Leave out the pictures and restate exactly, and only, the lines from the one that contains "cooked apples, onions, pork" through the final line of the material below.

INFORMATION PROVIDED:
+ + + + +

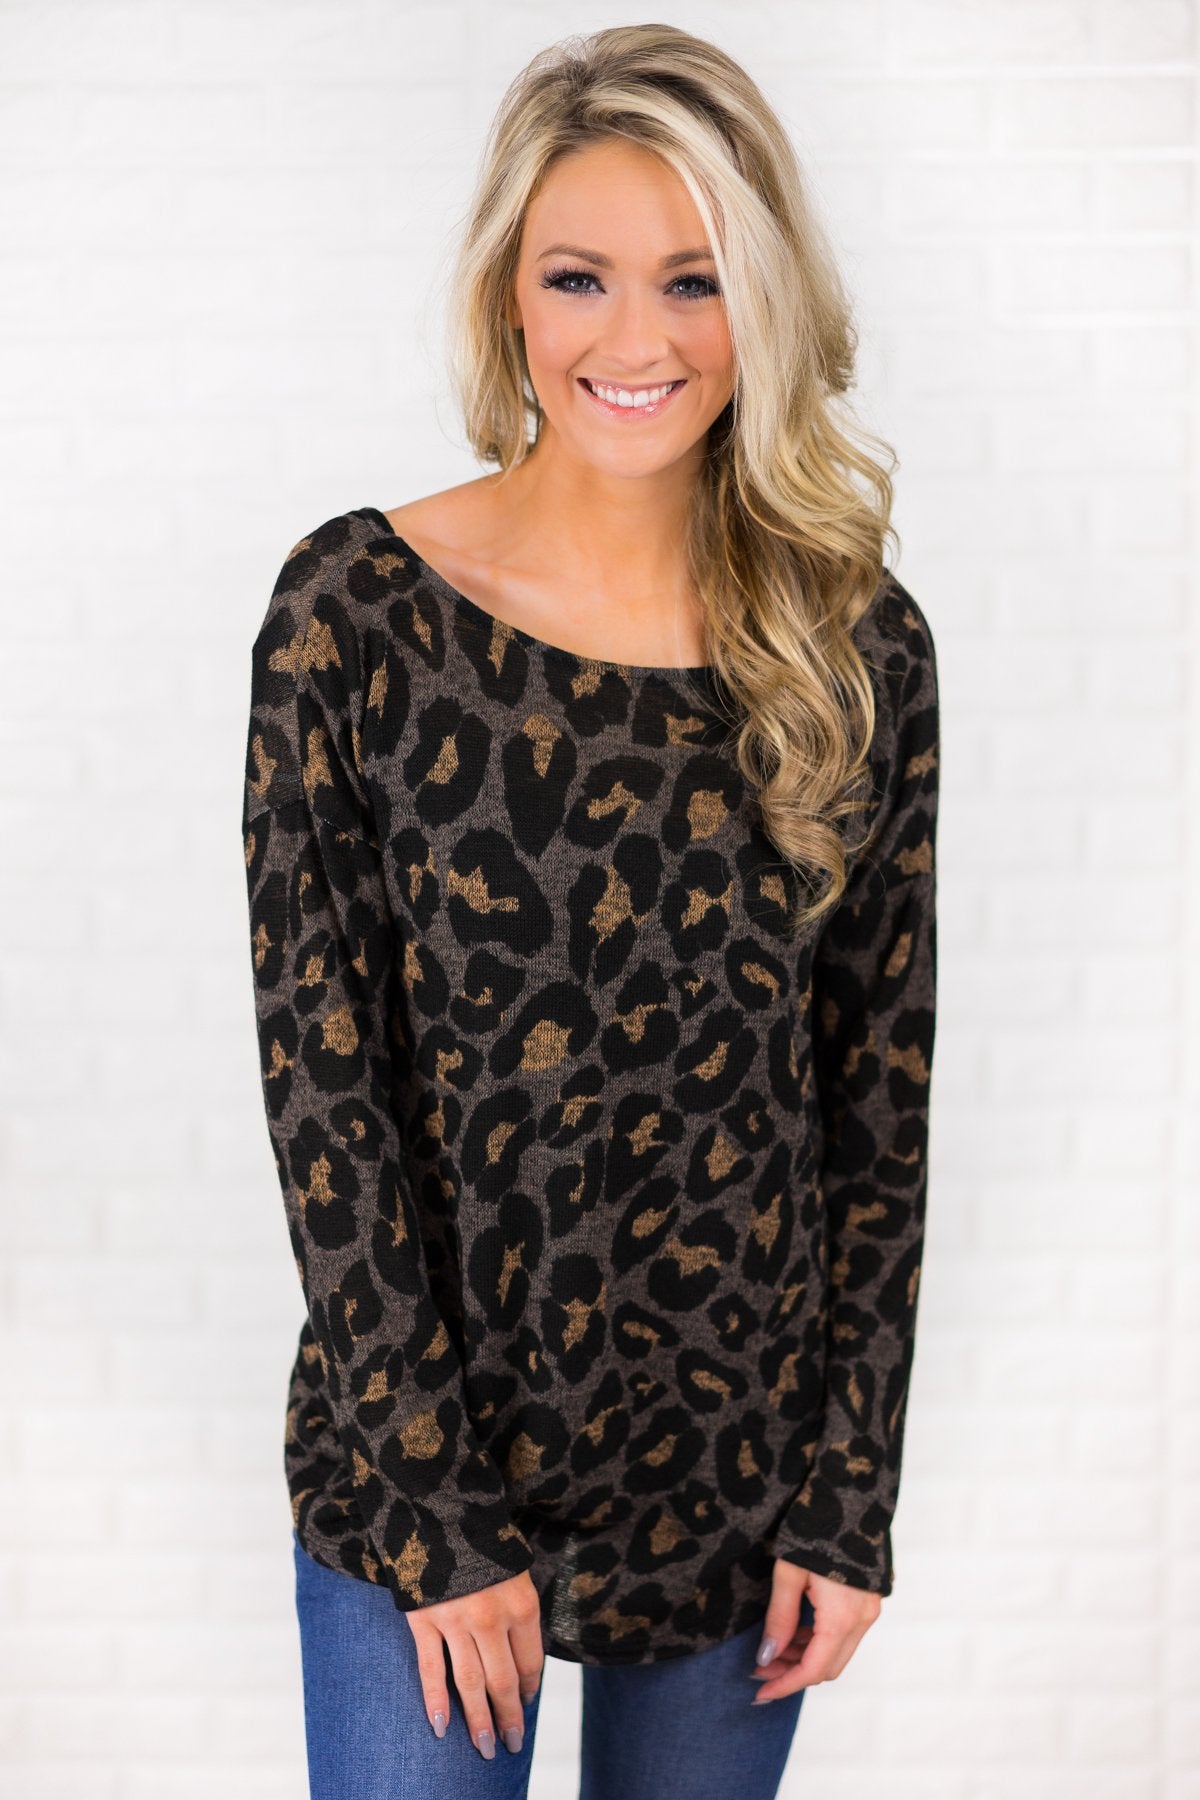 You Don't Cross My Mind Leopard Top
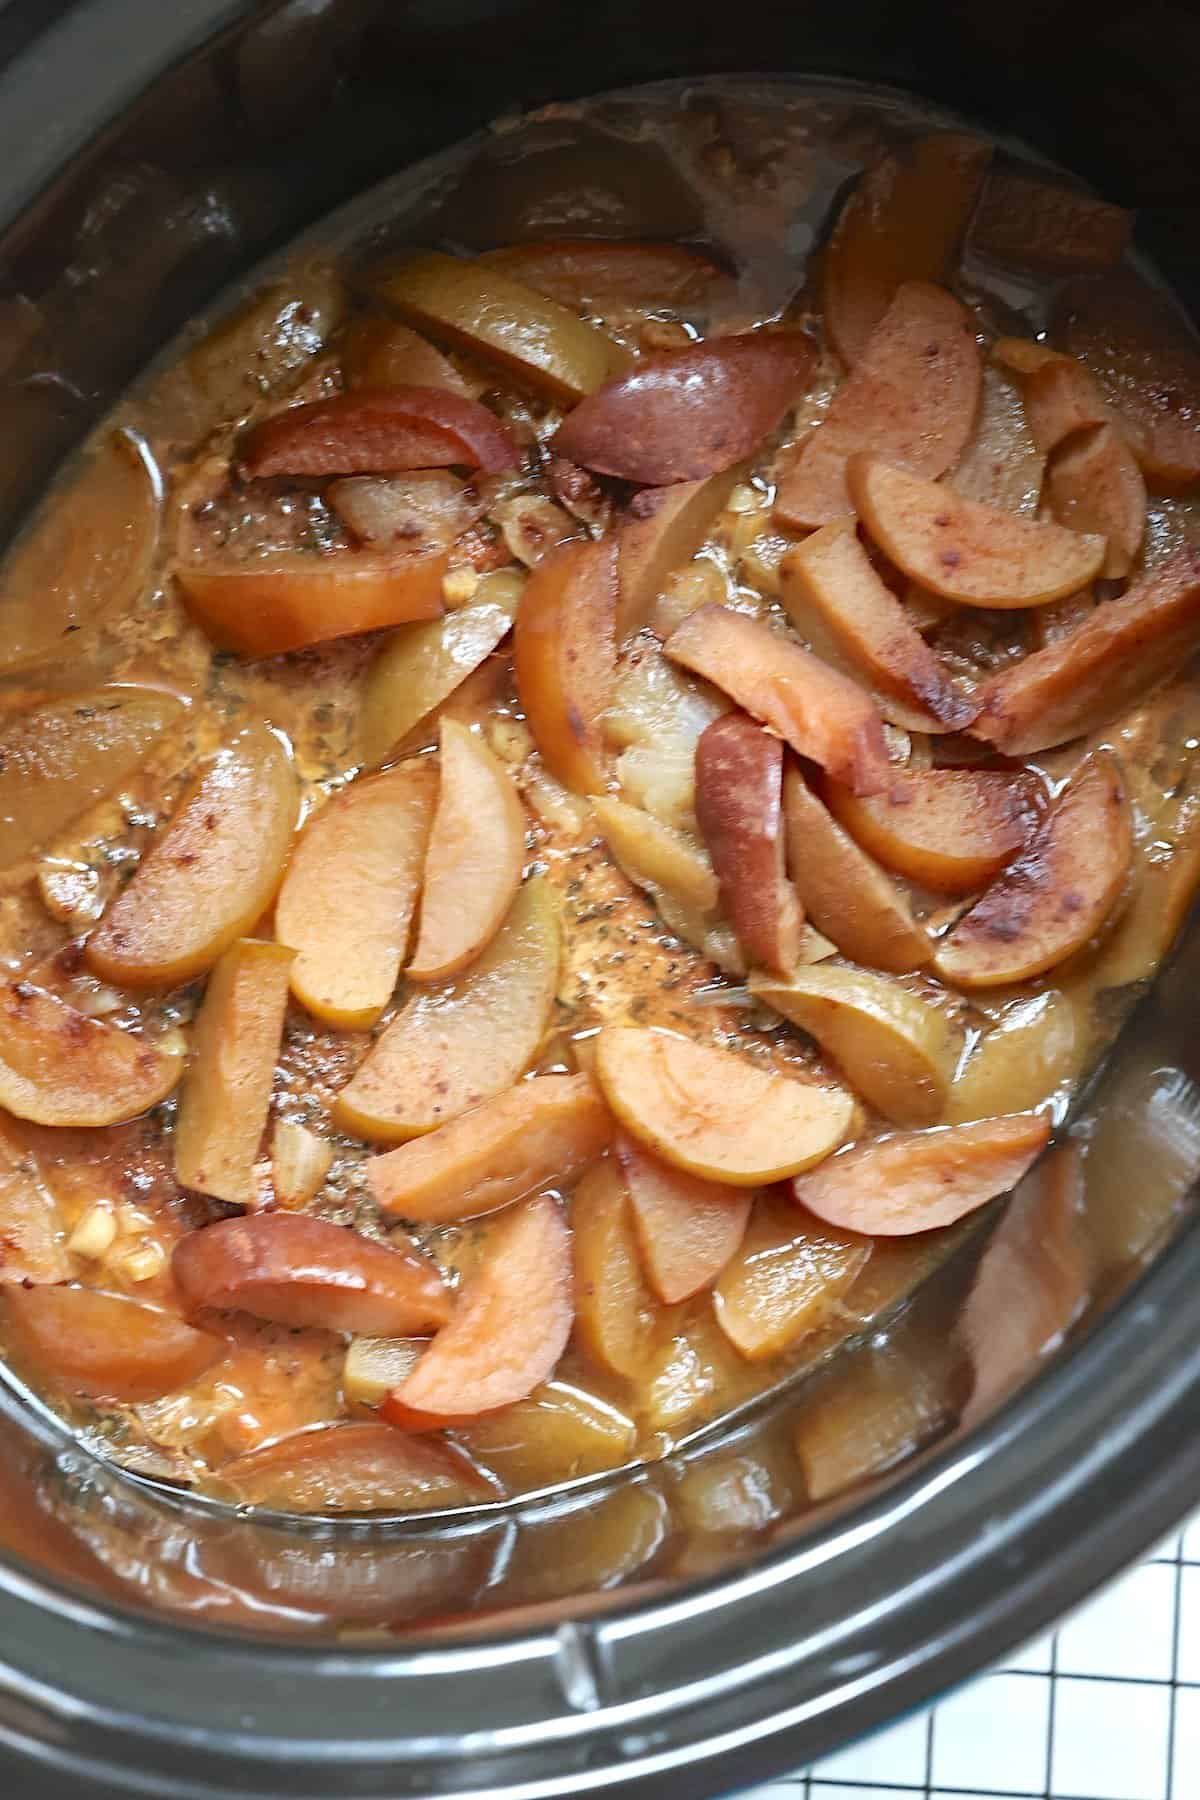 cooked apples, onions, pork chops and seasonings in a slow cooker
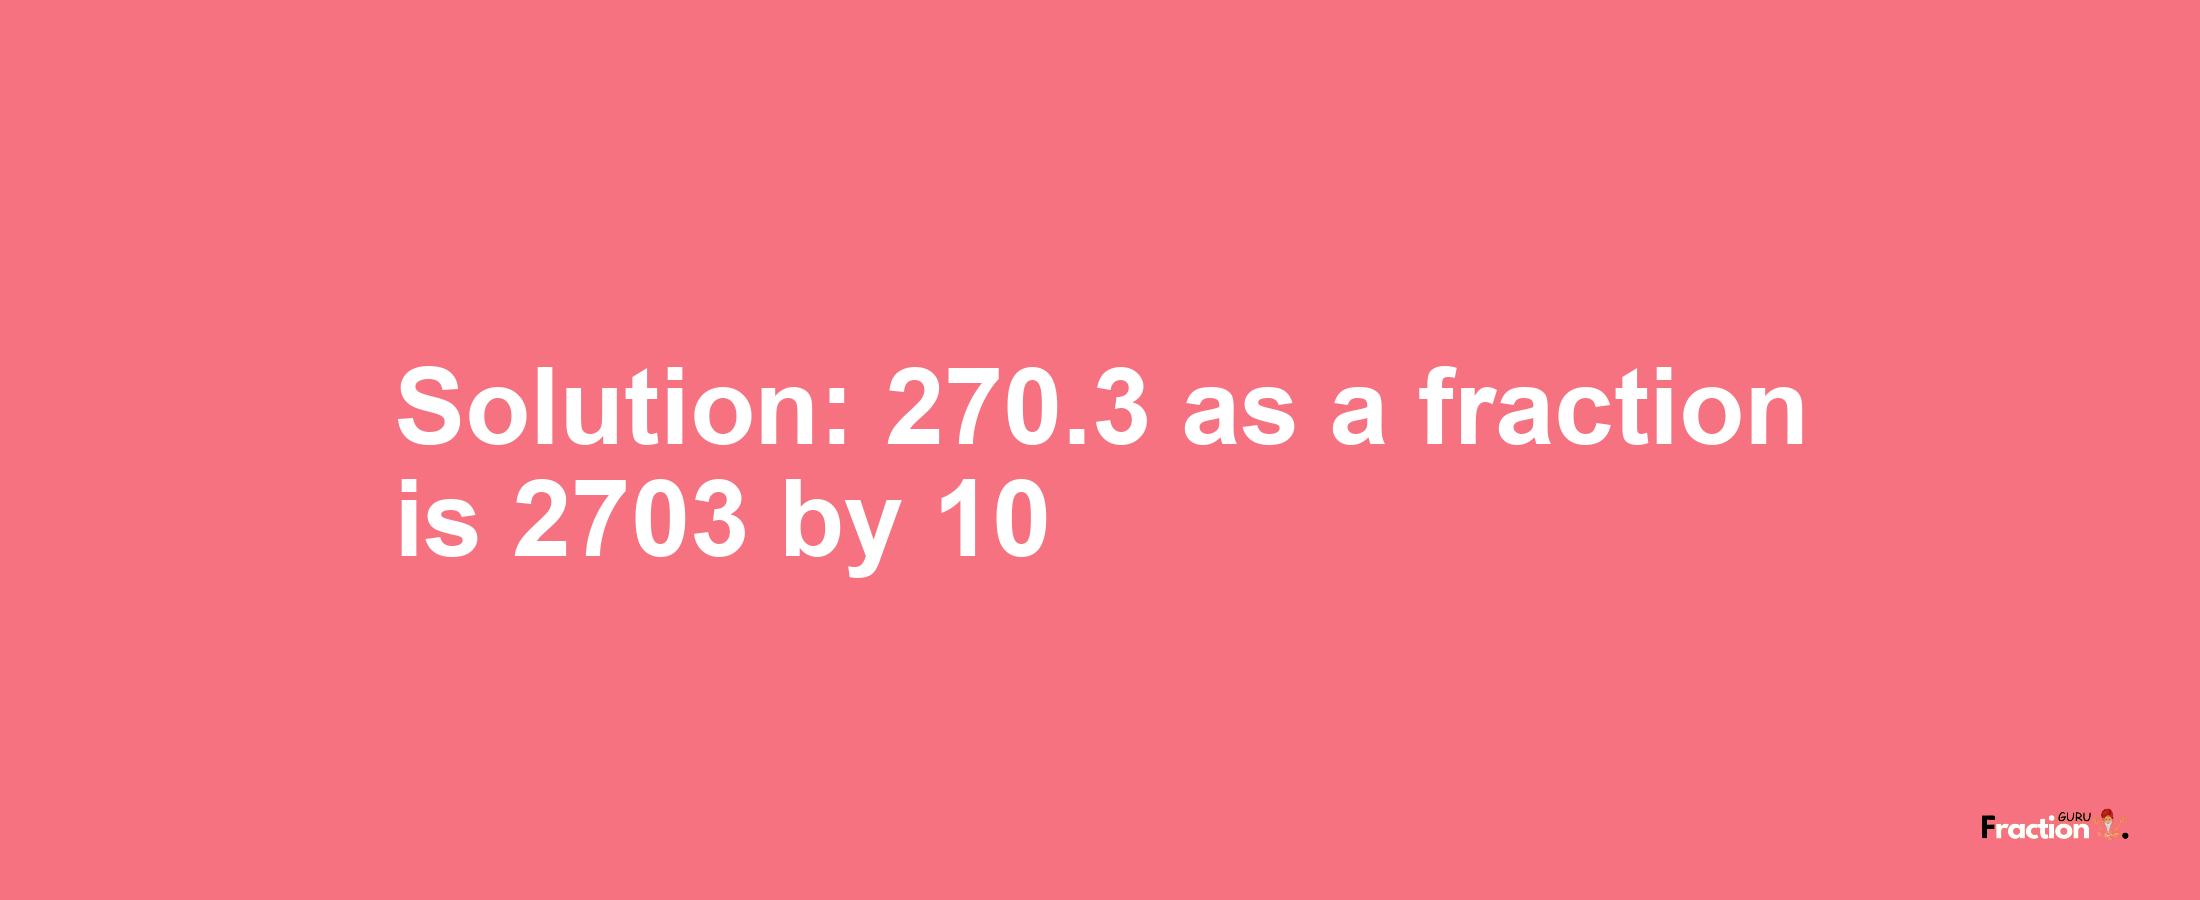 Solution:270.3 as a fraction is 2703/10

+ + + + +

REPLY:
 cooked apples, onions, pork chops and seasonings in a slow cooker
 Solution:270.3 as a fraction is 2703/10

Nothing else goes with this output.